Posted by: windman | 30 November 2008 at 01:09 PM
Mark_BC and NorthernPiker,
Get ahold of the book "The Solar Revolution" by Travis Bradford. Mr. Bradford does a nice job of making a prediction of PV price parity in USA based on historical price reduction of 18% every doubling of PV production quantities. His prediction is conservatively based on existing cSi and poly-Si production. The real story, as he realizes and mentions, is thinfilm PV will reach parity sooner. I would make the argument Nanosolar, First Solar, and others are already well beyond this for installation in Southern CA where solar hours are highest and electricity is most expensive (close to 20 cents/kWh). The reason you're not seeing this yet is because production is not anywhere close to demand yet. This is keeping PV prices artificially high, but is also creating very high rates of production development.
Posted by: mds | 30 November 2008 at 04:02 PM
Consider an alternative view:
http://www.evworld.com/news.cfm?newsid=18280 AFS Trinity – XH-150 Plug-in Hybrid (E-REV) - May 2008
“AFS Trinity Demonstrates XH-150 Plug-in Hybrid to California Official”
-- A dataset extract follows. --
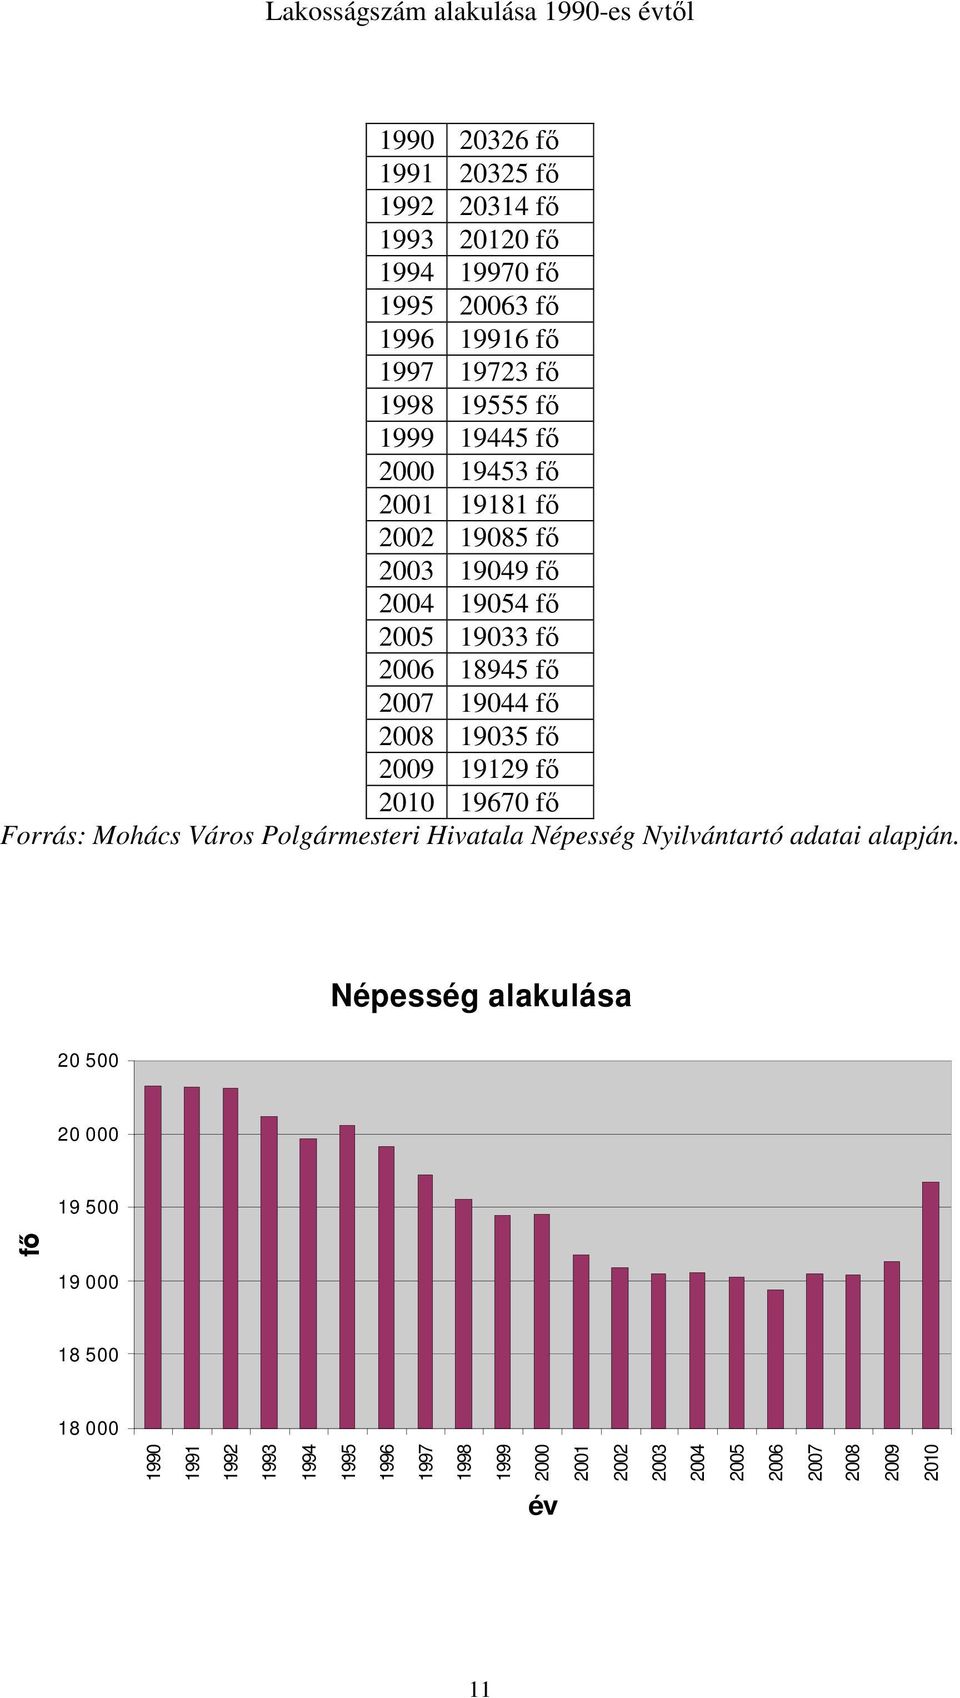 2008 19035 fő 2009 19129 fő 2010 19670 fő Forrás: Mohács Város Polgármesteri Hivatala Népesség Nyilvántartó adatai alapján.

“SYNOPSIS: In a typical 340 mile week of driving, barely two gallons of fuel will be consumed, resulting in 170 miles per gallon.”
“AFS Trinity's fast XH-150 SUV that gets 150 MPG, goes up to 87 MPH on the highway, accelerates faster than comparable gas only vehicles”
87 mph = 139 kmph
You do not need to force people to give up SUVs and SUTs to radically reduce USA use of oil for transport!